The parameters are the inter-hemispheric negative difference of retinal nerve fiber layer (RNFL) and ganglion cell-inner plexiform layer (GCIPL) thicknesses, inter-ocular negative difference of RNFL and GCIPL thicknesses, and average RNFL and GCIPL thicknesses. The average RNFL and GCIPL thicknesses were measured using Cirrus optical coherence tomography.

https://doi.org/10.1371/journal.pone.0164866.g004

Discussion

The main objective of the current study was to develop an asymmetry analysis of the thicknesses of macular inner retinal layers including the RNFL, GCIPL, ganglion cell complex, and total retina measured by swept-source OCT. The inter-ocular and inter-hemispheric negative differences from asymmetric analysis showed statistically significant difference between glaucoma patients group and normal control group. Then, based on the ROC analysis, we evaluated the performance of this asymmetry analysis method for diagnosis of glaucoma.

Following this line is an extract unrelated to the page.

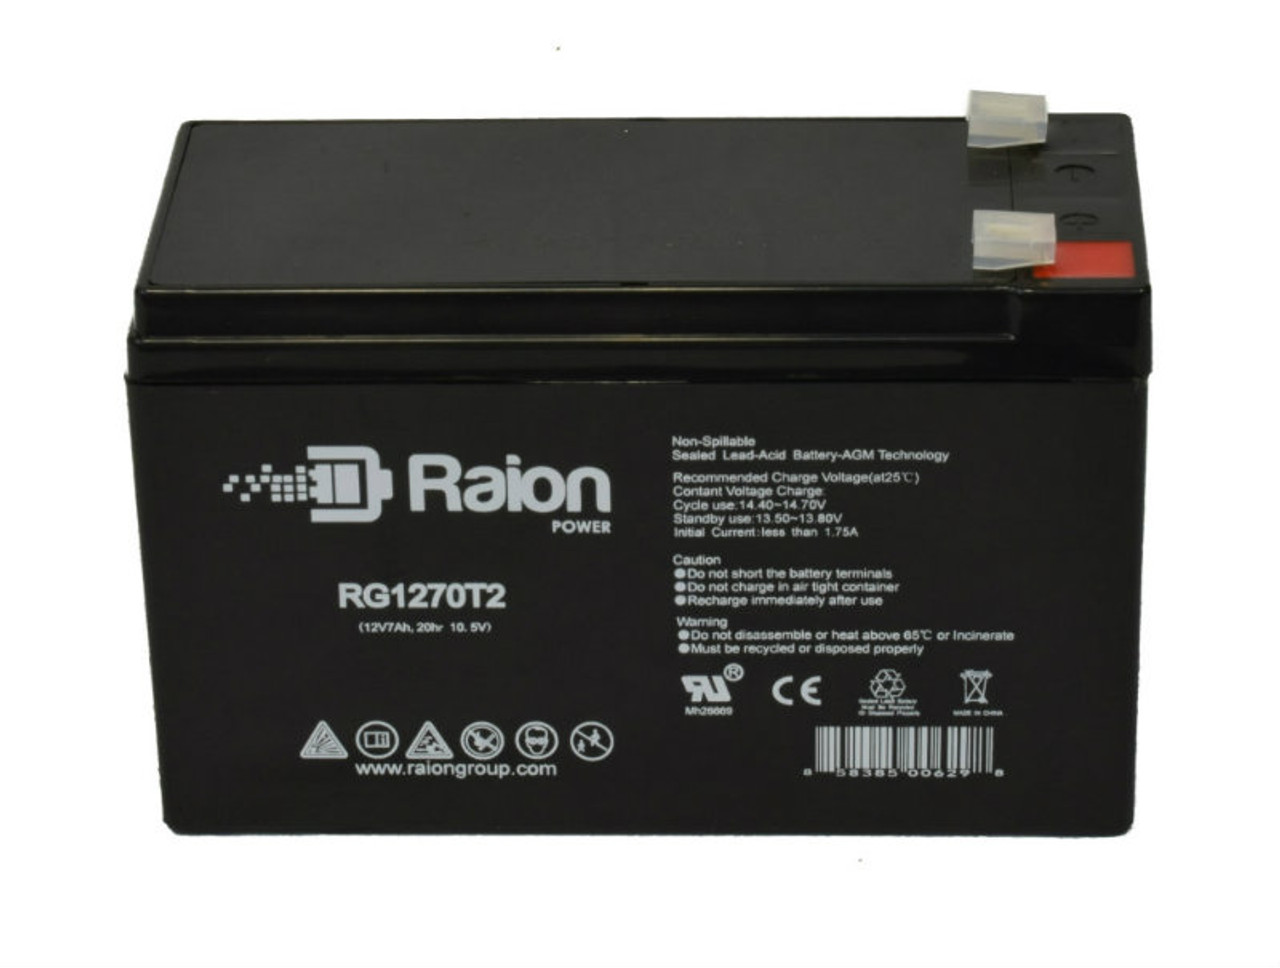 Raion Power RG1270T2 12V 7Ah Lead Acid Battery for Hill-Rom Affinity III Bed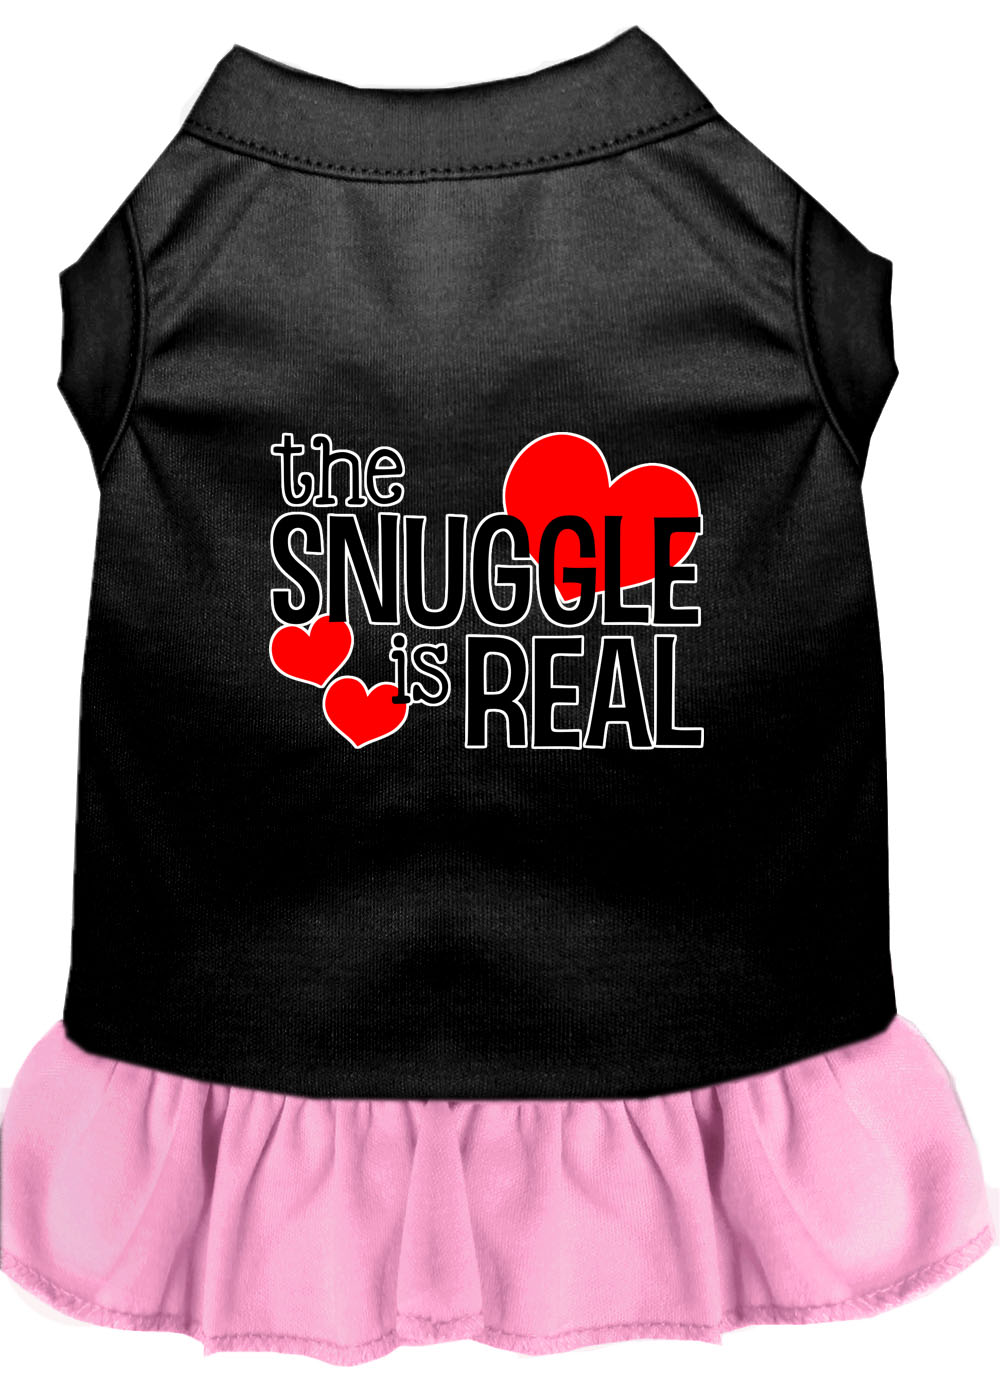 The Snuggle is Real Screen Print Dog Dress Black with Light Pink XL

Our results were found to be consistent with those of previous studies on the various asymmetry analysis methods. Um et al. [11] showed that the sensitivity of the modified macular hemi-field test using data from posterior pole asymmetry analysis (PPAA) was significantly greater than that of RNFL measurement in their early glaucoma group. Seo et al. [12] reported that PPAA detects localized RNFL defects with high sensitivity and specificity based on the analysis of the number of black cells in PPAA asymmetry maps, and the AUROC of PPAA was 0.958 ± 0.013. Sullivan-Mee et al. [8] reported an AUROC of inferior/superior macular thickness difference of 0.860. Recently, Yamada et al. [13] developed the method of calculating a value called the asymmetry index and reported AUROCs of novel index in macular retinal layers including RNFL, ganglion cell layer, and ganglion cell complex ranged from 0.861 to 0.998. We recently reported that AUROCs of the automated detection of hemifield difference on GCIPL thickness map from Cirrus OCT ranged from 0.962 to 0.967. [14] With regard to the use of the inter-ocular asymmetry, previously Sullivan-Mee et al. [8] also reported an AUROC for inter-eye difference in the total macular thickness of 0.913. An earlier study [7] conducted by our group reported AUROCs of inter-ocular difference of macular GCIPL thickness ranging from 0.730 to 0.820 based on Cirrus high-definition OCT. Although direct comparison is not feasible due to the different subject populations, the results of the present study are comparable with those of the relevant previous studies on inter-hemispheric asymmetry and inter-ocular asymmetry.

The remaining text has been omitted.